Determine the slope of the tangent to the curve y=2(x^2+x-1)^3 at (-1, -2)

dy/dx= 6(x^2+x-1)^2 (2x+1)

at (-1,-2)

dy/dx= 6(1-1-1)^2 (-2+1)
= -6

so now you have the slope of -6 and a point(-1,-2)

continue ....

So

y2-y1=m(x2-x1)

y-(-2)=-6(x-(-1)
y=6x-1

therefore the slope of tangent is 6?

To determine the slope of the tangent to the curve at the given point, you can use the derivative.

The derivative of a function gives you the slope of the tangent line at any point on the curve. In this case, we need to find the derivative of the function y=2(x^2+x-1)^3.

To find the derivative, we can use the chain rule.

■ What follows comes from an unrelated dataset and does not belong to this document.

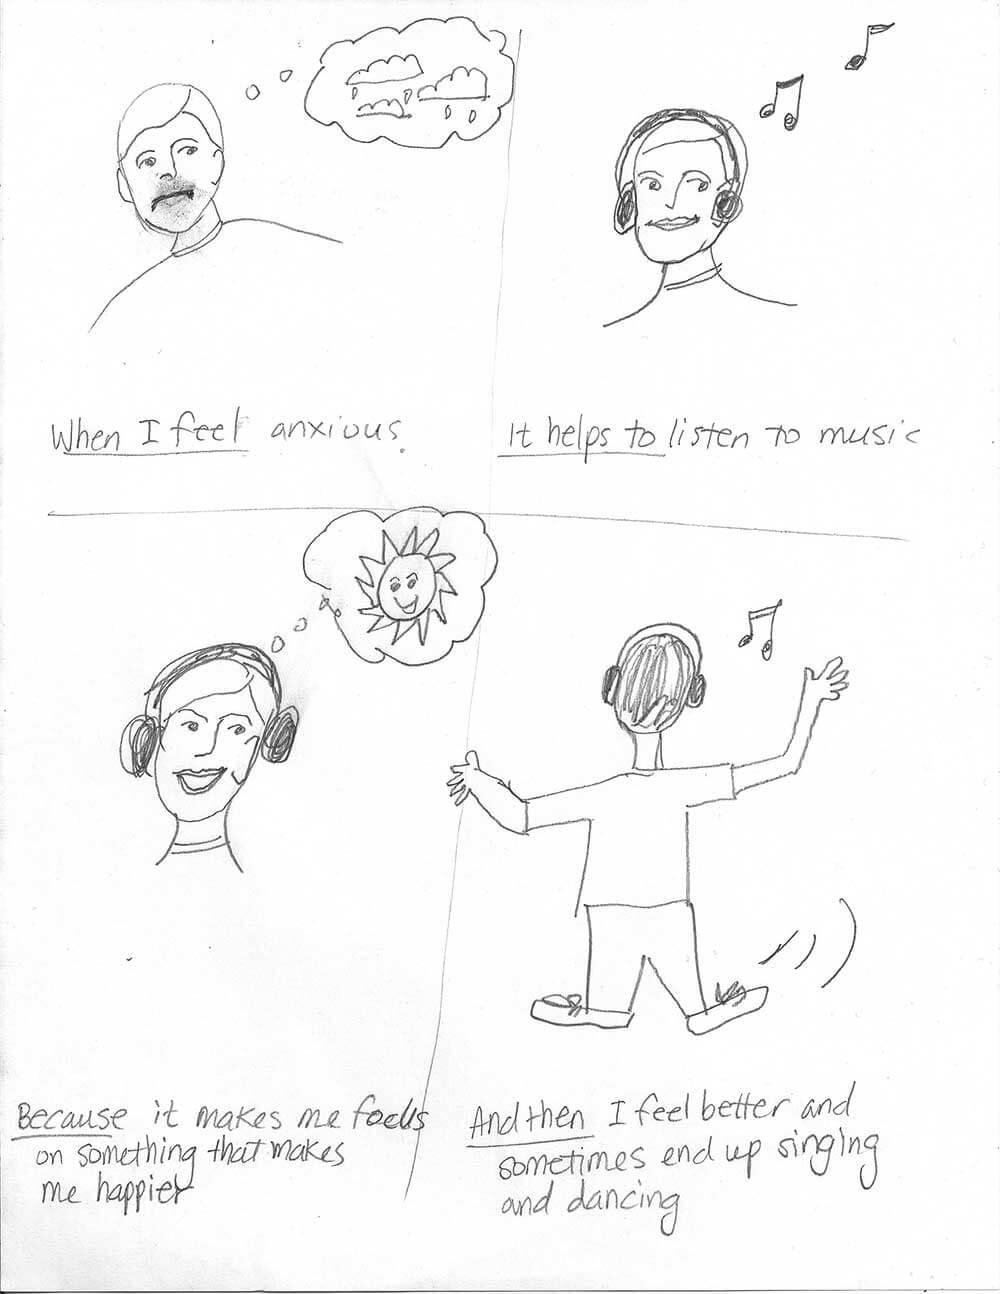 Participant's comic three

The chain rule states that if you have a function of a function (in this case, a cubic function of another function), you need to multiply the derivative of the outer function by the derivative of the inner function.

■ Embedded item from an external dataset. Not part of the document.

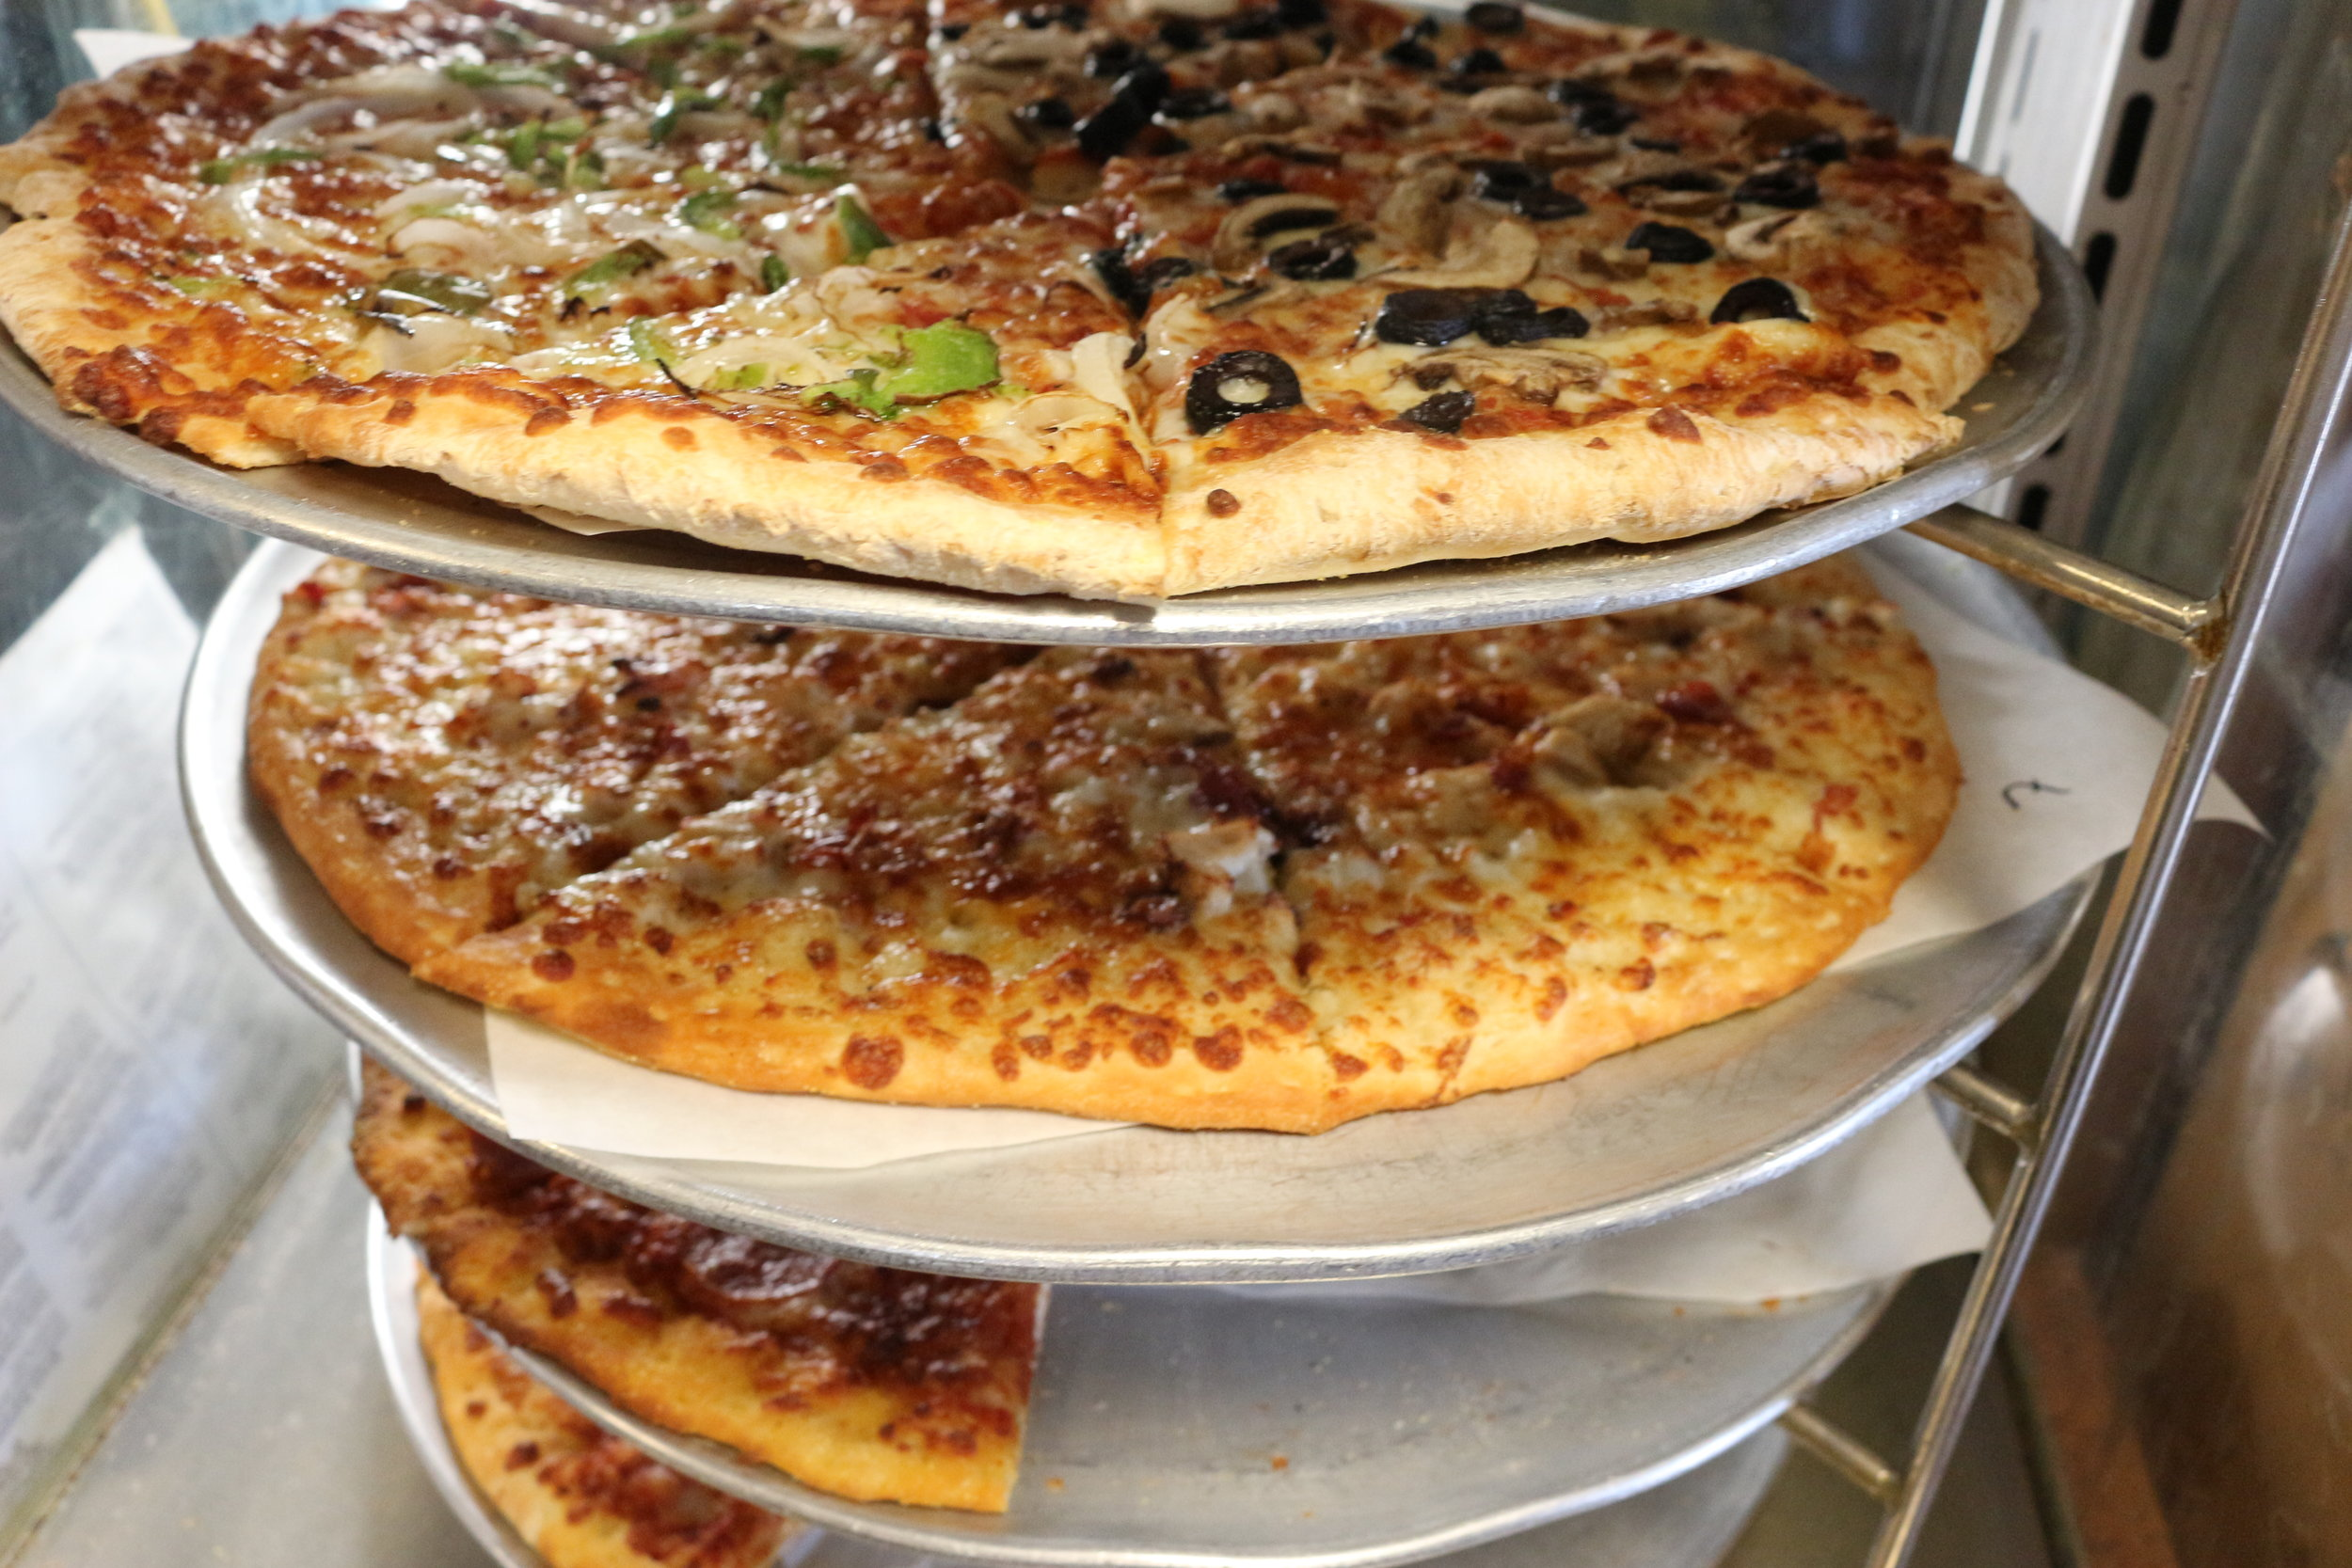 Mckay's Taphouse &Pizzerria - By: Francesco Savoy

Let's find the derivative step by step:

Step 1: Start by using the power rule. Multiply the exponent by the coefficient and subtract 1 from the exponent:
d/dx [ (x^2+x-1)^3 ] = 3(x^2+x-1)^2 * d/dx [ x^2+x-1 ]

Step 2: Now, find the derivative of the inner function:
d/dx [ x^2+x-1 ] = 2x + 1

Step 3: Substitute the derivative of the inner function into the derivative of the outer function:
d/dx [ (x^2+x-1)^3 ] = 3(x^2+x-1)^2 * (2x + 1)

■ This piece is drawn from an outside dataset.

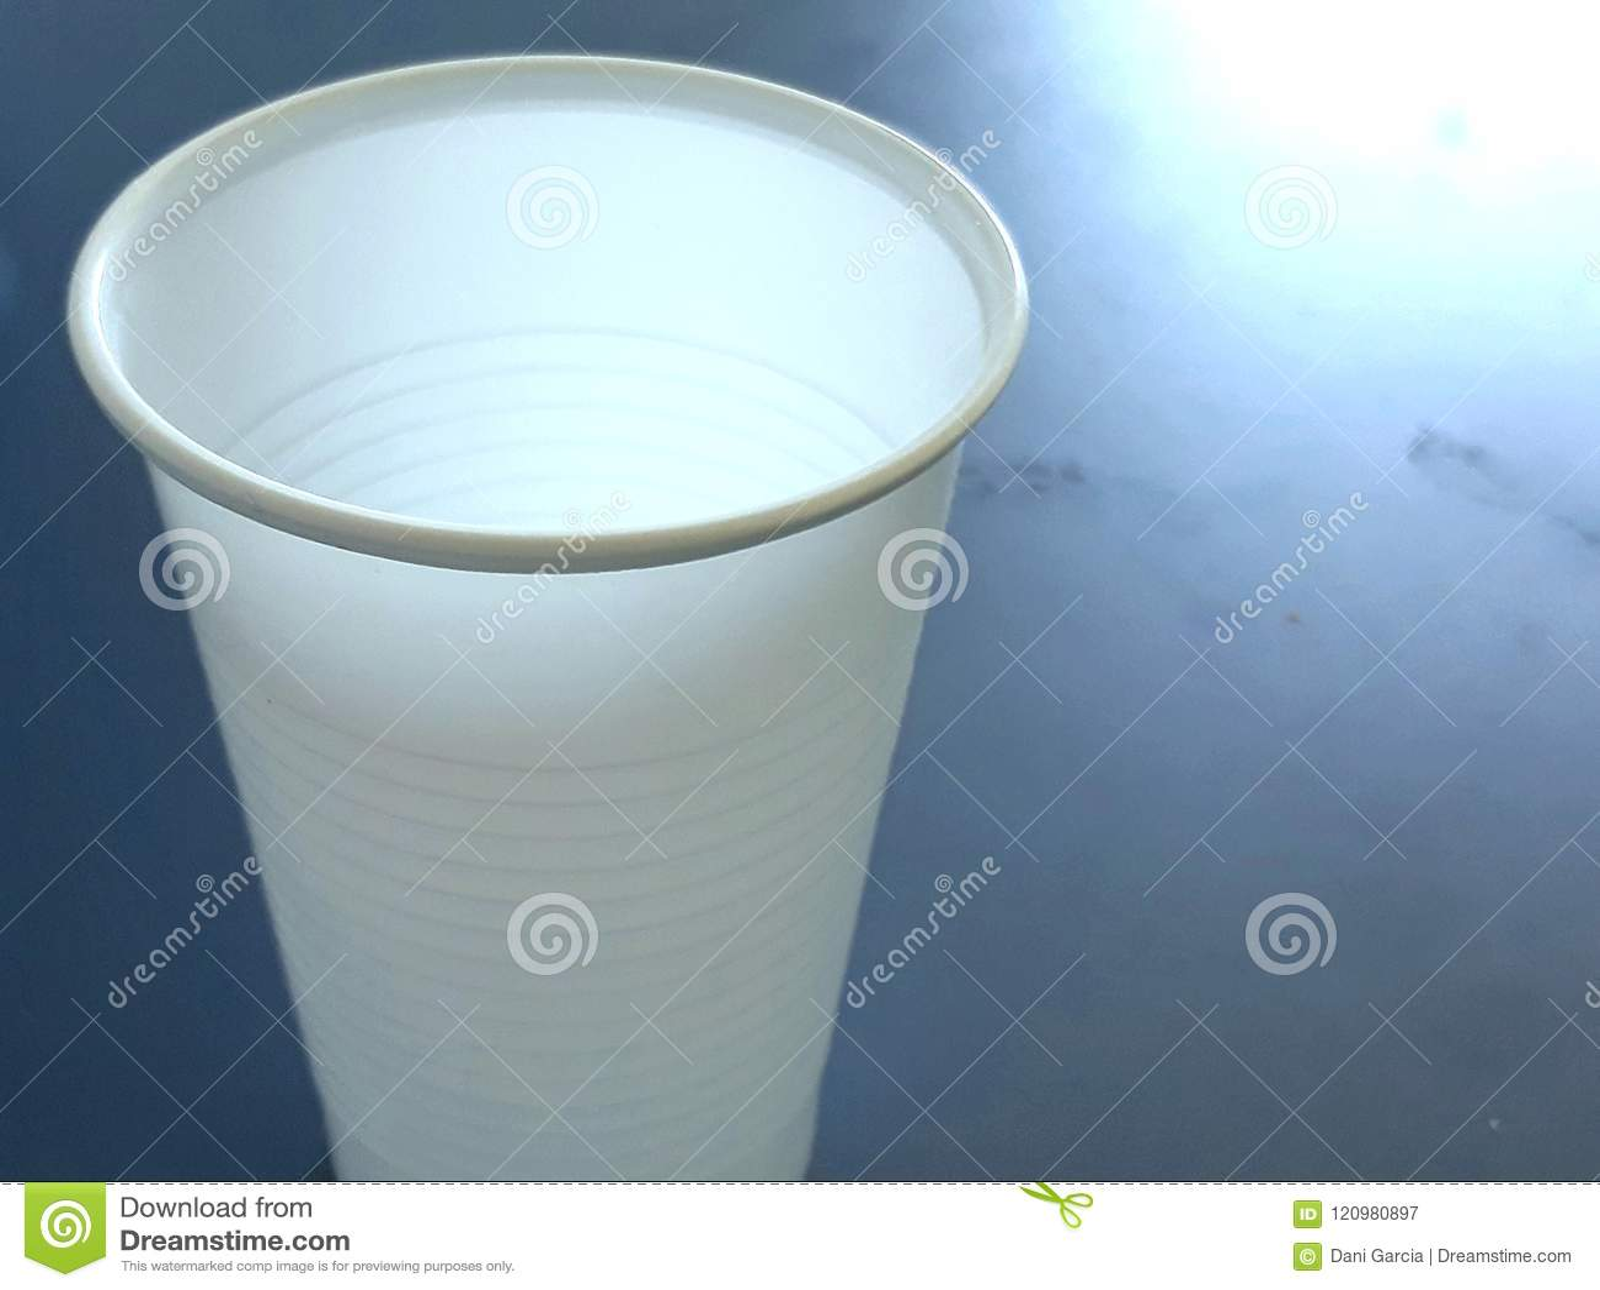 Plastic cup.

Now we have the derivative of the function y=2(x^2+x-1)^3.

To find the slope of the tangent line at (-1, -2), we can substitute x=-1 into the derivative:

slope = 3((-1)^2 + (-1) - 1)^2 * (2(-1) + 1)

Simplify the expression:

slope = 3(1 - 1 - 1)^2 * ( -2 + 1)
slope = 3(-1)^2 * (-1)
slope = 3 * -1 * -1
slope = 3

Therefore, the slope of the tangent to the curve y=2(x^2+x-1)^3 at (-1, -2) is 3.